In summary, over the course of nine months, the Defense Attorneys’ position regarding the DSFG Reports went from:  (1) not being able to produce the documents, to (2) claiming that the documents could not be found, to (3) offering to "recreate" the documents, to (4) claiming that producing the documents would be "overly burdensome," to (5) hypothesizing that the Plaintiff fraudulently produced the June 2004 DSFG Report, to (6) after receiving Sachse’s incriminating email, producing four of the eleven missing DSFG Reports.  The Court, finding this behavior to be erratic, held a telephonic conference on January 9, 2008, to discuss the whereabouts of the seven remaining DSFG Reports.  During the conference the Defense Attorneys gave an express assurance that such reports could not be located and an implied assurance that the erratic behavior displayed over the prior nine months of discovery would end.  As the Consultant’s affidavit reveals, the Defense Attorneys failed to act in good faith during the inspection, so an order requiring the Defense Attorneys to pay the reasonable expenses associated with the Plaintiff Attorney’s efforts to compel discovery is just.

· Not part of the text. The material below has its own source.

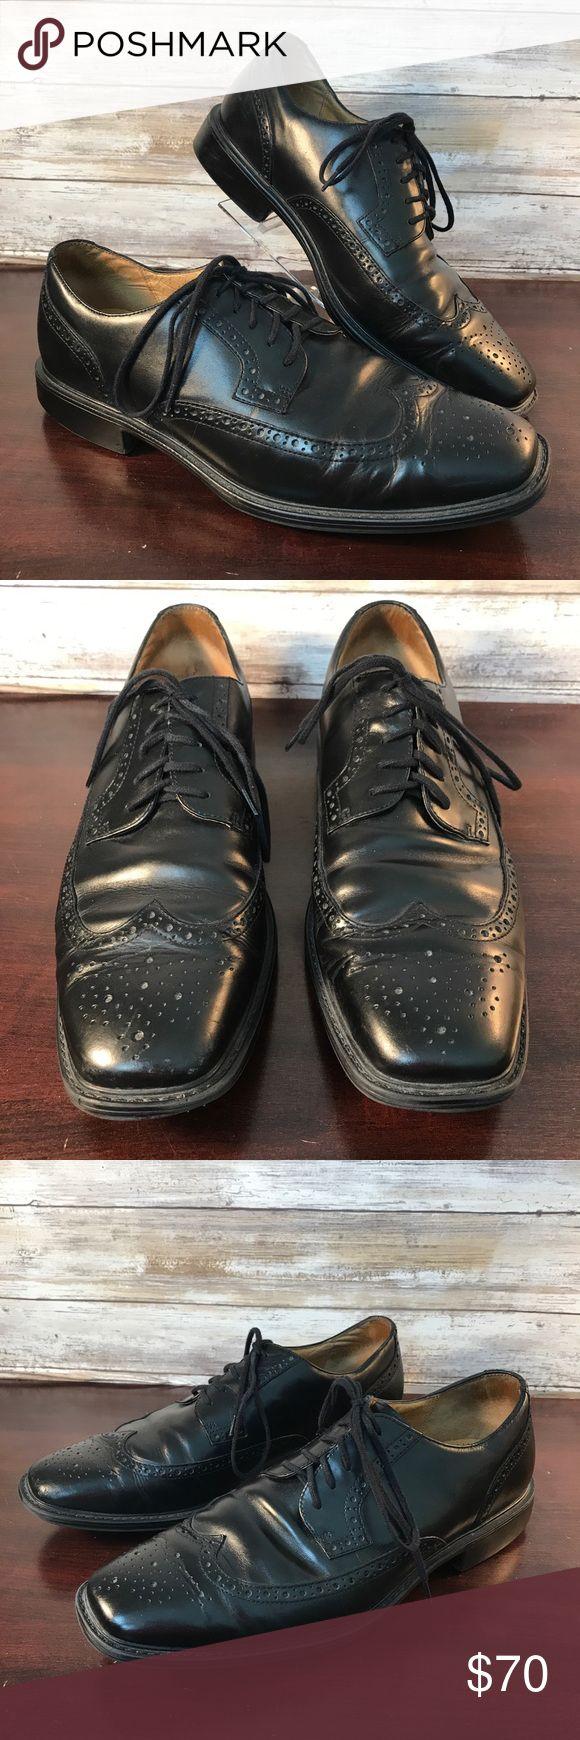 Cole Haan City Mens Size 11M Black Wingtip Cole Haan City Mens Size 11M Black Wingtip Oxford Leather Dress Shoes Lace Up  Great condition as shown Cole Haan Shoes Oxfords & Derbys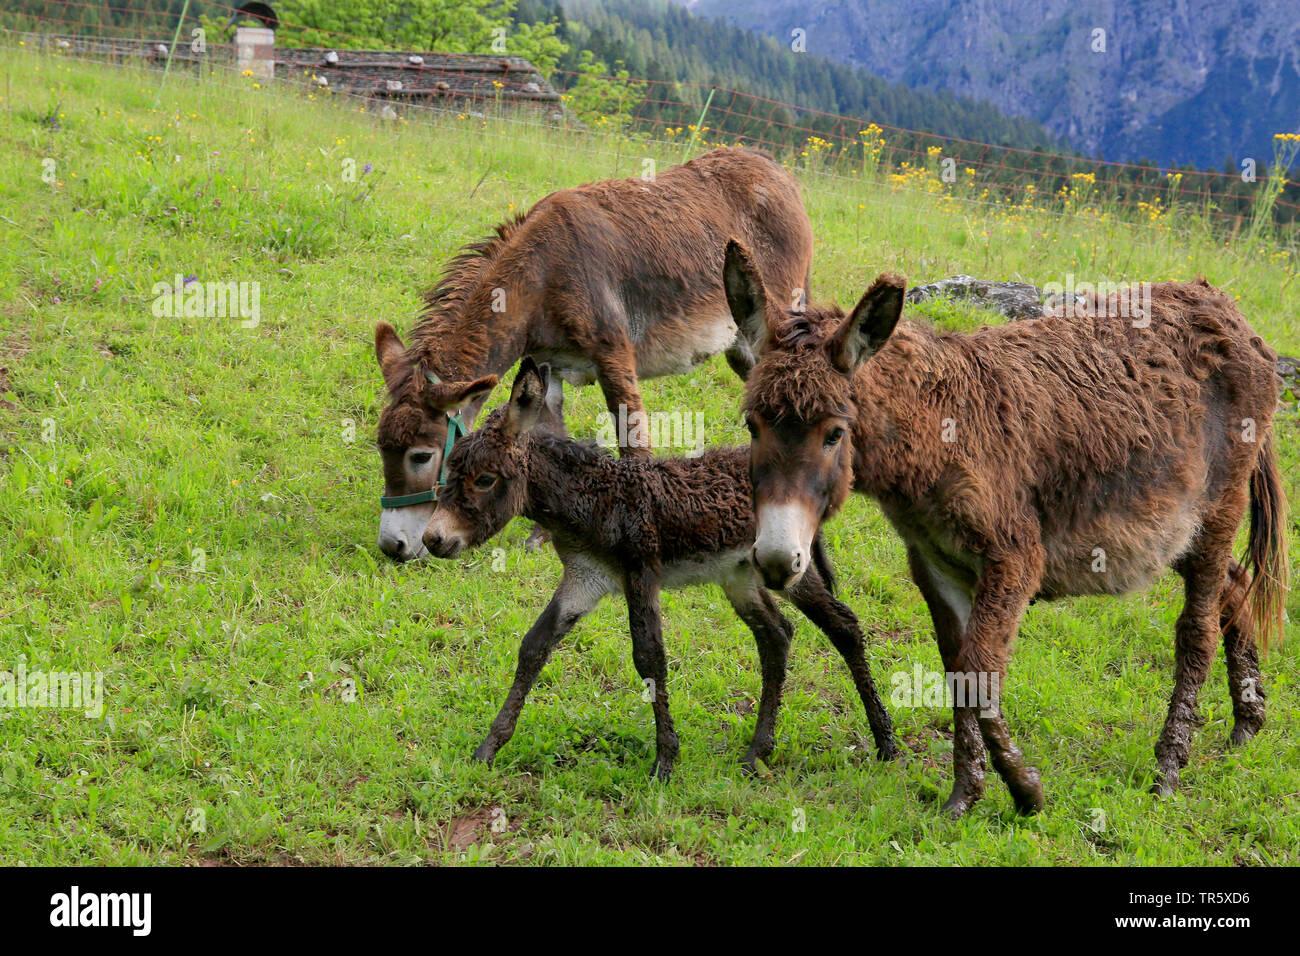 Esel, Hausesel, Haus-Esel (Equus asinus asinus), Eselfamilie auf der Weide, Deutschland | Domestic donkey (Equus asinus asinus), donkey family on a pa - Stock Image

The court further concluded that defendant’s failure to comply with the Inspection Order and to set forth a consistent and fair reason as to the existence of the DSFG Reports was “inexcusable.”

Accordingly, the court granted plaintiff’s motion for sanctions, and ordered the defense attorneys to pay to plaintiff’s counsel the reasonable expenses and fees associated with enforcing the inspection order, drafting the motions for contempt and for sanctions, and rescheduling the inspection of defendant’s electronic records.  Further, the court ordered the defense attorneys to pay the consultant the reasonable expenses and fees incurred for the preparation, travel, and investigative work that was completed on February 28, 2008.  In addition, the court ordered the defense attorneys to permit the defendant’s electronic records to be inspected under the same terms as previously ordered.

The court denied plaintiff’s request for entry of a default judgment as a sanction, but warned defense counsel that, in the event that they did not comply in full with the court’s directives, it would consider striking the defendant’s answer and entering a default judgment against it.